This is a pretty basic question I suppose, but I want to check my intuition in hyperbolic geometry which is a field I've just started studying.
Let $A$ be a horoball in the hyperbolic disc $B^N$($=\mathbb{H}^N$), with tangent point $p\in S^N$. let $g$ be a conformal (i.e. oriention preserving) isometry of $B^N$.
I know that $g$ transforms hyperbolic balls to hyperbolic balls.
From that I believe I can deduce that $g$ also transforms horoballs to horoballs, right? Because horoball is after all a euclidean ball and therefore a hyperbolic ball.
In particular, if $g(p)=p$ then $g(A)=A$, right?
In the latter case, my intuition says that $g$ must be some sort of clockwise or anti-clockwise rotation towards the base point $p$. This is not very clear to me in that multidimensional case. For simplicity I am thinking of $\mathbb D=\mathbb B^2$ and a horoball at $(1,0)$ which is just a circle tangent at the point $(1,0)$. So I'm thinking that $g$ must be some flow in the direction of this cicle (just moving each point in the clockwise direction, each point in the correct amount so the orientation would be preserved). in particular $|g(x)|=|g^{-1}(x)|$ for $x$ the antipodal point to $(1,0)$ on this horocicle. Is this true at all?

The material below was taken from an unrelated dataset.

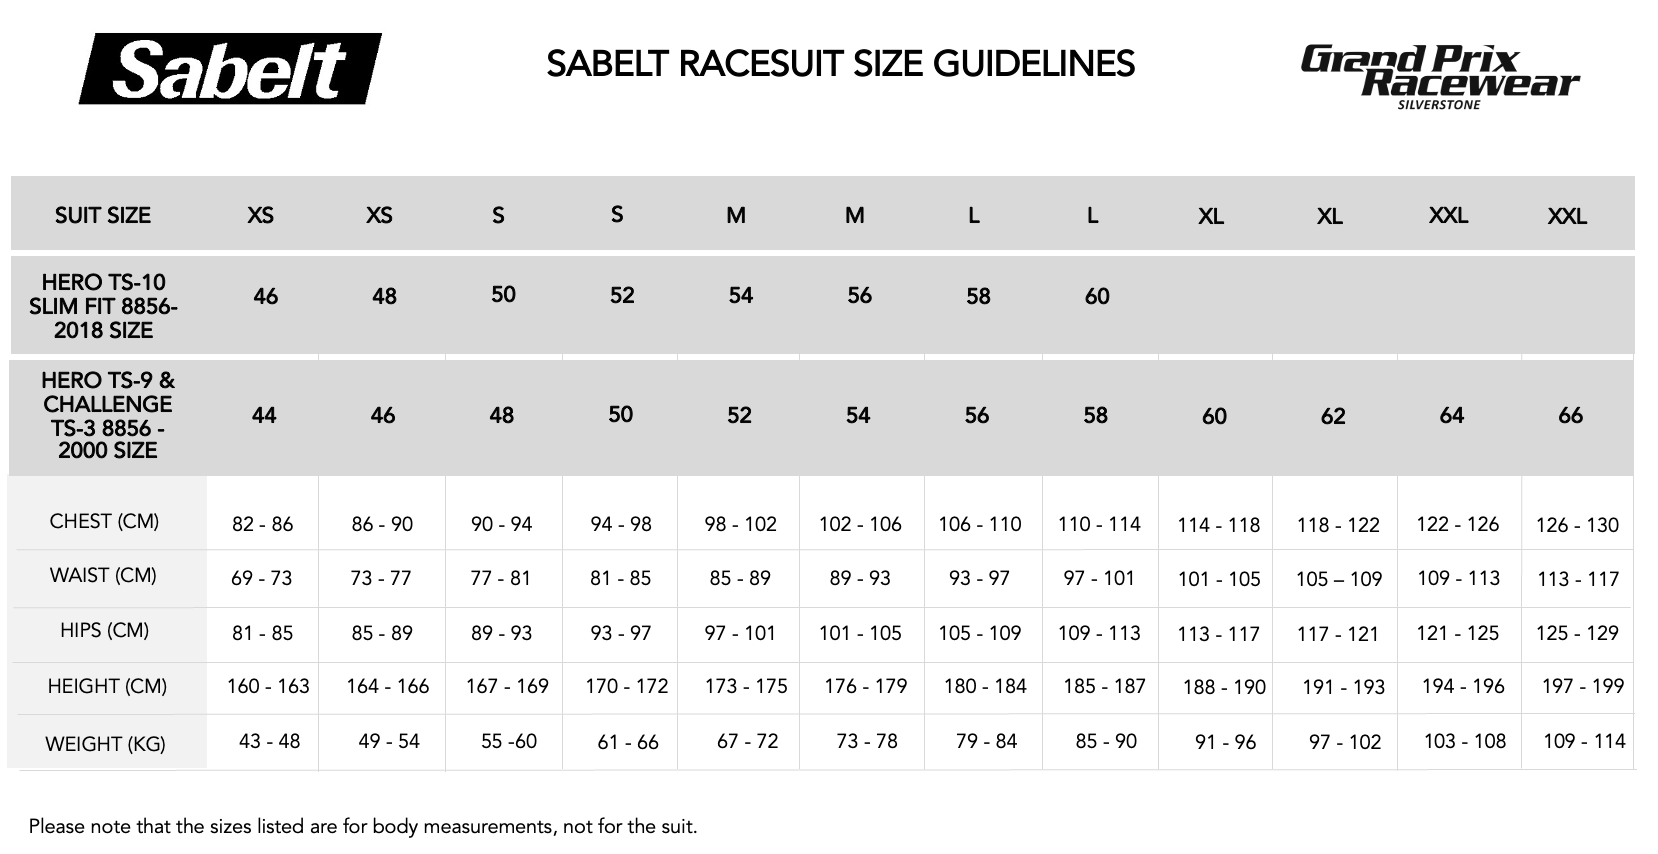 Size Guide for Sabelt Race Suits available from www.gprdirect.com

I'm going to give an intrinsic/synthetic answer this question, i.e. an answer that not depend on any model of $\mathbb{H}^n$ (such as the upper half space model), but which instead uses only the intrinsic metric properties of $\mathbb{H}^n$.
Balls and horoballs in $\mathbb{H}^n$ each may be characterized by a metrically invariant property.
For balls, the metrically invariant property is simply the definition: $B \subset \mathbb{H}^n$ is a ball if and only if there exists $p \in \mathbb{H}^n$ and $r > 0$ such that $$B = \{q \in \mathbb{H}^n \,\bigm|\, d(p,q) \le r\} $$ This ball $B$ is denoted $B(q,r)$. (I'm doing closed balls, of course). From the fact that this definition is evidently invariant under isometries, it follows that if $B$ is a ball and $g$ is an isometry then $g(B)$ is a ball.
So far, so good.
In order to characterize horoballs by a metrically invariant property, we will need to use the above characterization of balls, but we'll need one more preliminary thing, namely a metrically invariant property that characterizes rays: a subset $R \subset \mathbb{H}^n$ is a ray if and only if there exists a finite geodesic segment $[a,b] \subset \mathbb{H}^n$ such that $R$ is the union of all finite geodesic segments $[a,c]$ such that $[a,b] \subset [a,c]$. This ray $R$ will be denoted $\vec{ab}$.
Now we're ready for the metrically invariant property that characterizes horoballs: a subset $H \subset \mathbb{H}^n$ is a horoball if and only if there exists a ray $\vec{ab}$ such that $H$ is the closure of the union of all balls $B = B(q,r)$ such that $q \in \vec{ab} - \{a\}$ and $r = d(a,q)$.
To summarize, since horoballs are characterized by a metrically invariant property, for every horoball $H$ and every isometry $g$ the image $g(H)$ is also a horoball.